#### DATA SEGMENT:
★ ★ ★ ★ ★ ★ ★
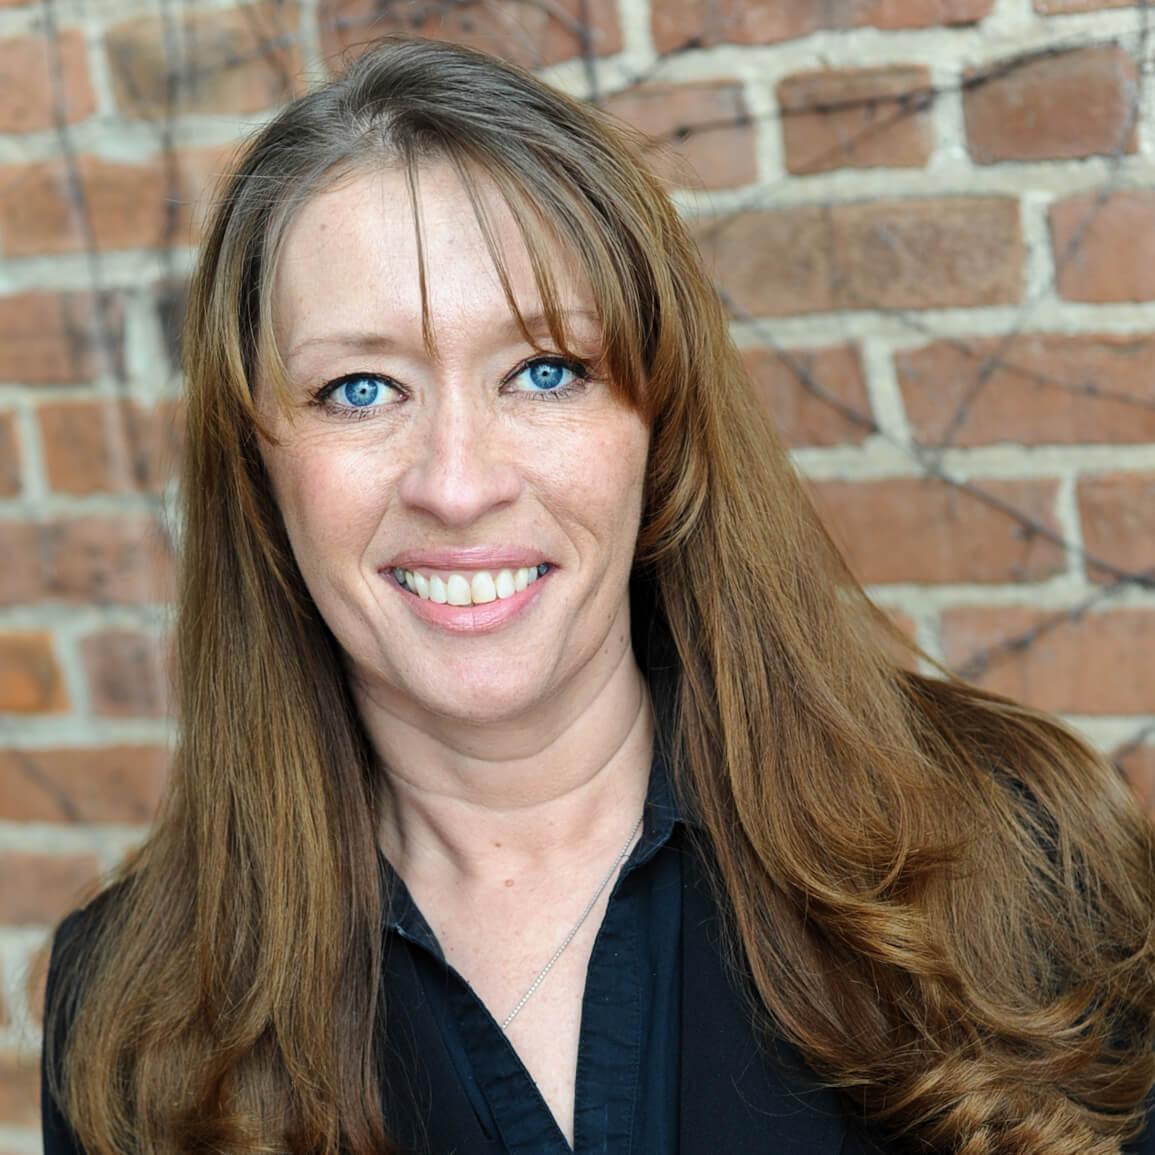 Wendi Reuter
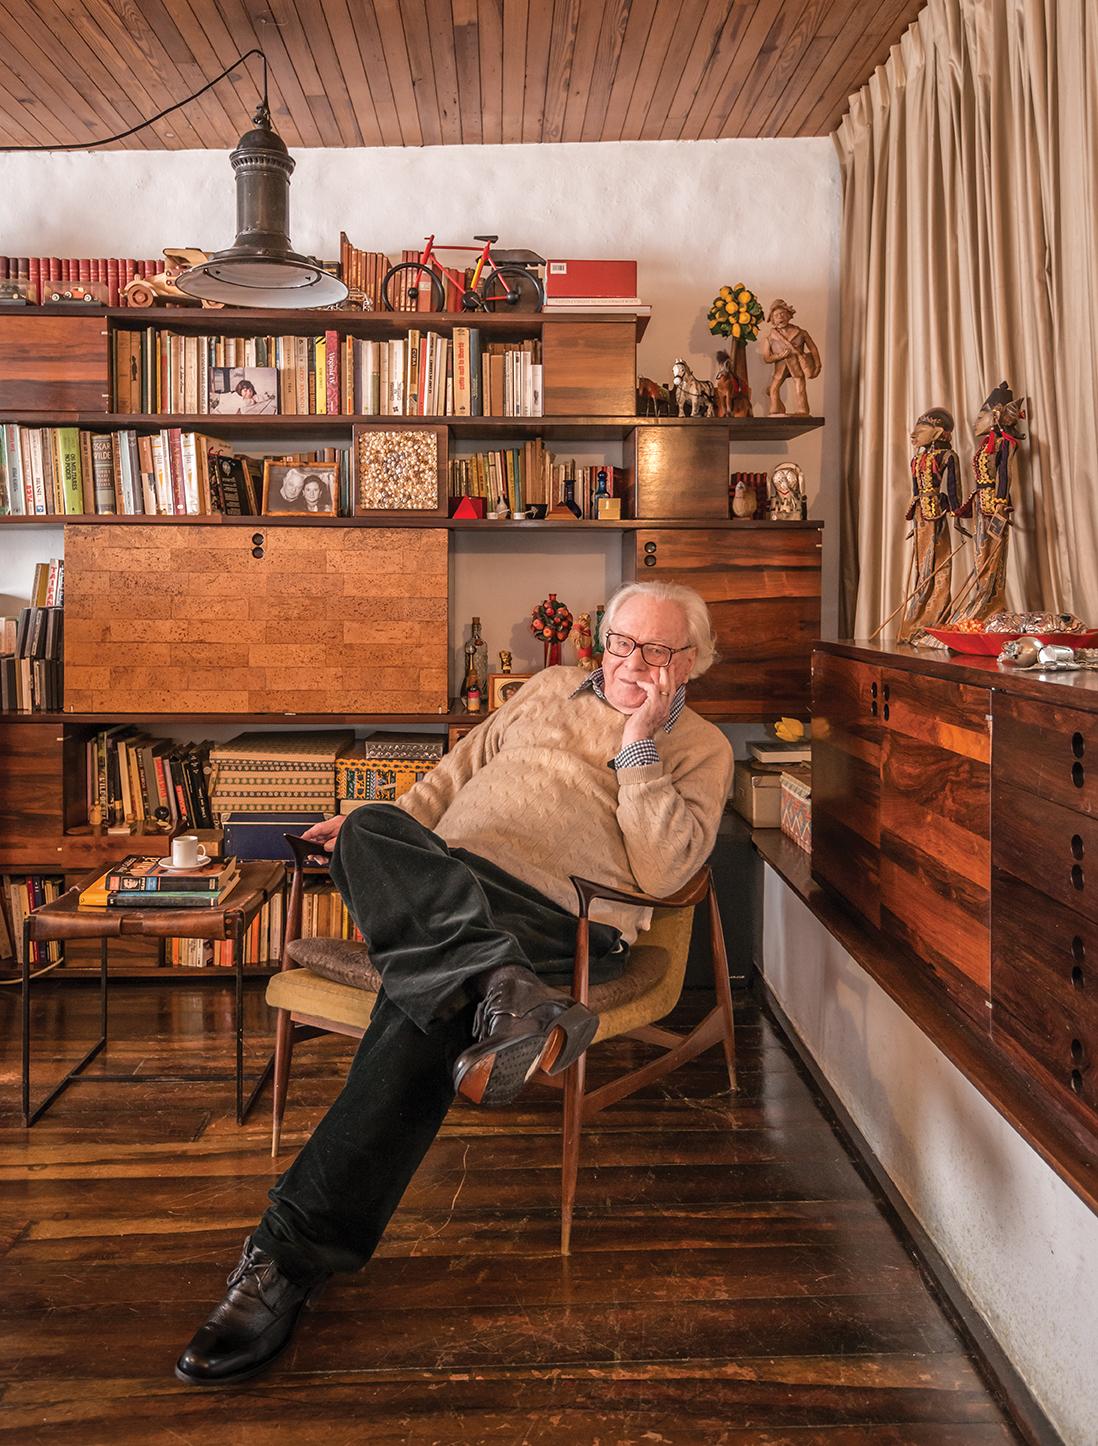 Designer Jorge Zalszupin
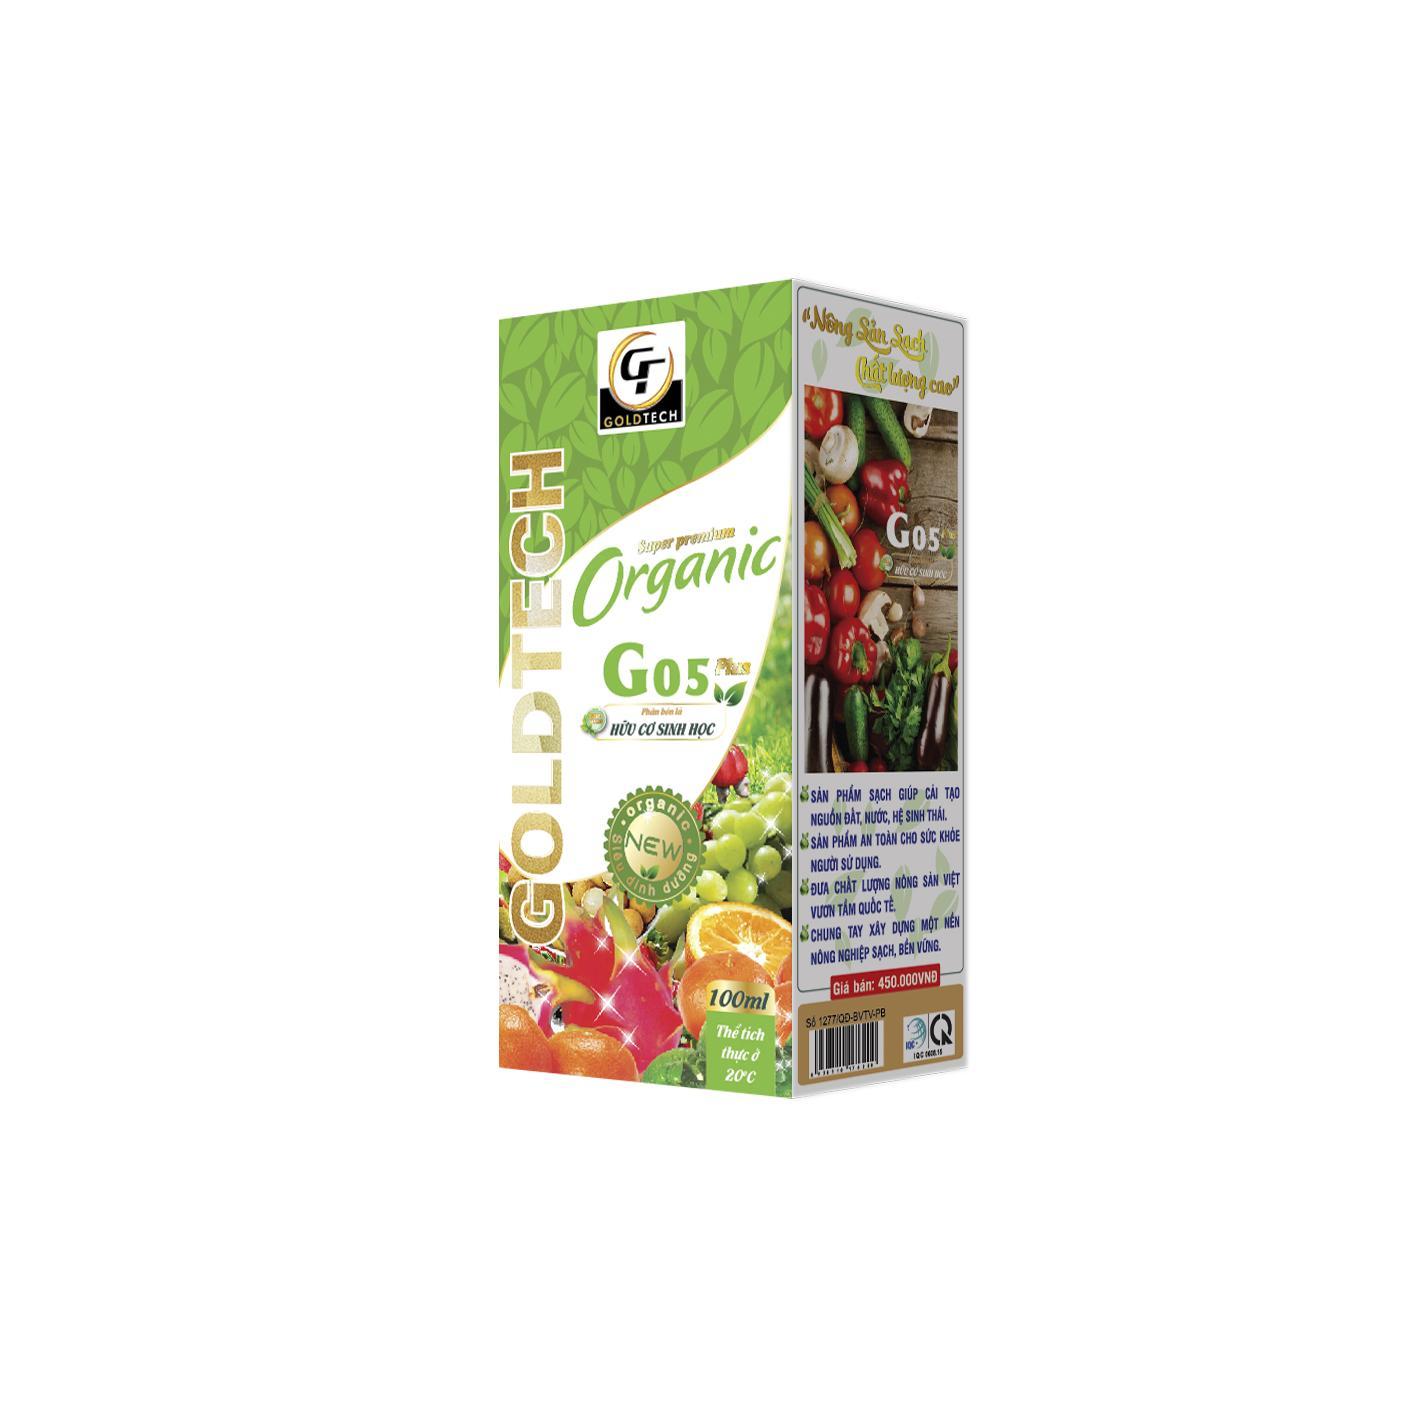 Phân bón lá hữu cơ sinh học G05 Plus
★ ★ ★ ★ ★ ★ ★
#### WHAT IS NEEDED:
Set the listing above down again exactly, leaving pictures out.

#### WORKED SOLUTION:
 Wendi Reuter
 Designer Jorge Zalszupin
 Phân bón lá hữu cơ sinh học G05 Plus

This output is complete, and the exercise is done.